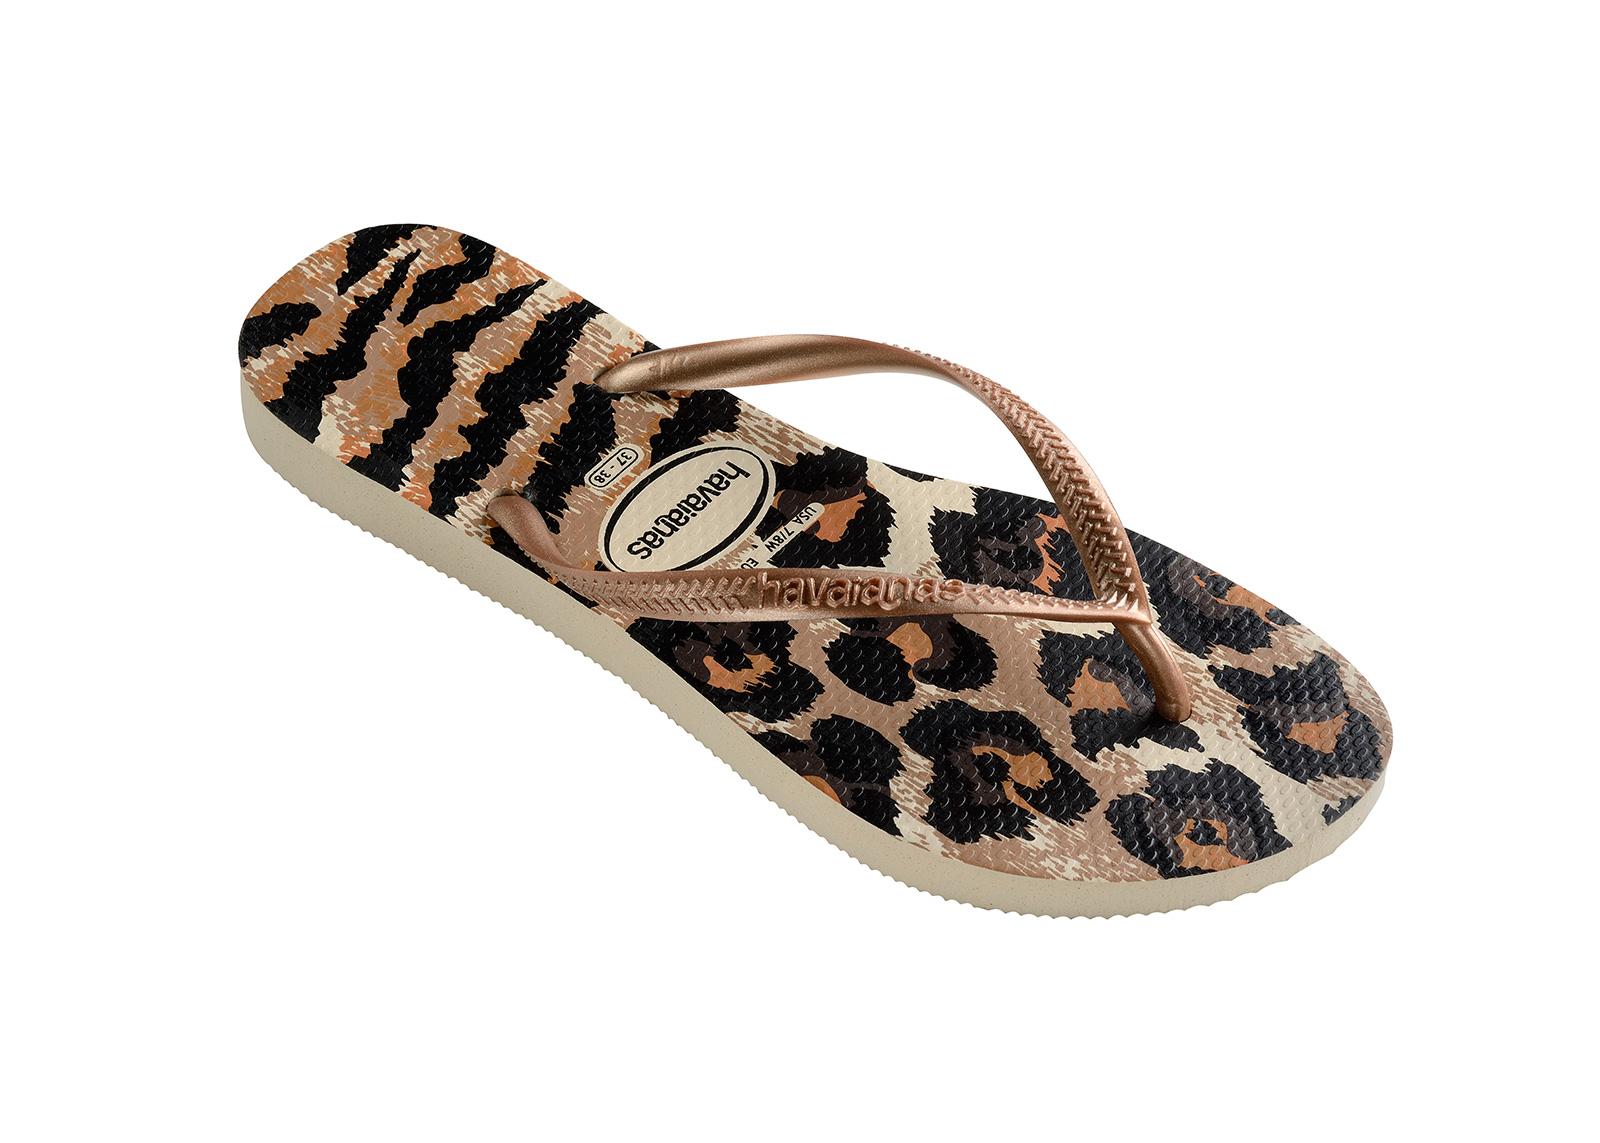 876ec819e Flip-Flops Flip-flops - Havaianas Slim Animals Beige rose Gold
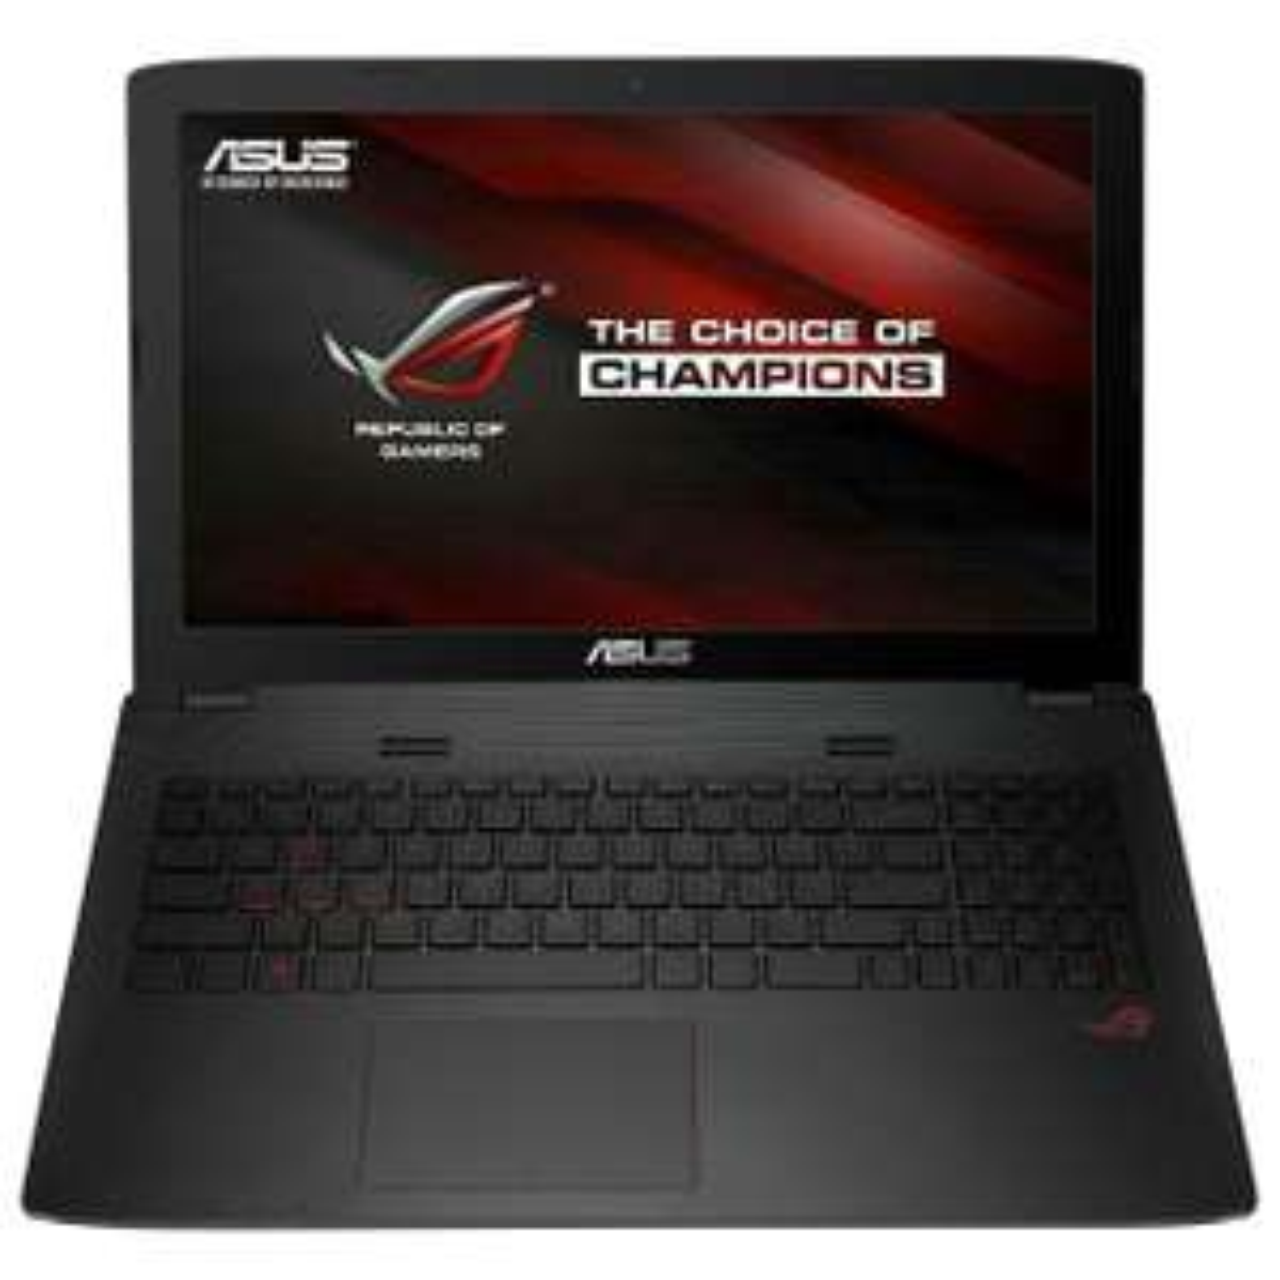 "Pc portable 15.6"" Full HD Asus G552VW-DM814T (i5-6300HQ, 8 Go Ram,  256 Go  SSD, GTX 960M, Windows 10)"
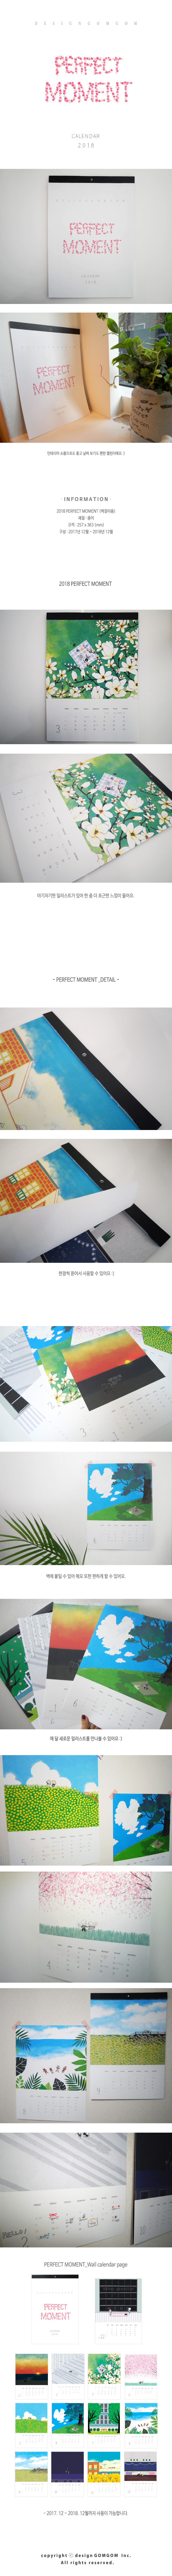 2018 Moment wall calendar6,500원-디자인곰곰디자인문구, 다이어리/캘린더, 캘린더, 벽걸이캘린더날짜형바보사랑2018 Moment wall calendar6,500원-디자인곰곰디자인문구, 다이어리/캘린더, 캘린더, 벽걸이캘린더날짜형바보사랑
::::
**Work item**: The material above is to be repeated word for word, with no images kept.

**Solution to this exercise**:
 876ec819e Flip-Flops Flip-flops - Havaianas Slim Animals Beige rose Gold
 "Pc portable 15.6"" Full HD Asus G552VW-DM814T (i5-6300HQ, 8 Go Ram,  256 Go  SSD, GTX 960M, Windows 10)"
 2018 Moment wall calendar6,500원-디자인곰곰디자인문구, 다이어리/캘린더, 캘린더, 벽걸이캘린더날짜형바보사랑2018 Moment wall calendar6,500원-디자인곰곰디자인문구, 다이어리/캘린더, 캘린더, 벽걸이캘린더날짜형바보사랑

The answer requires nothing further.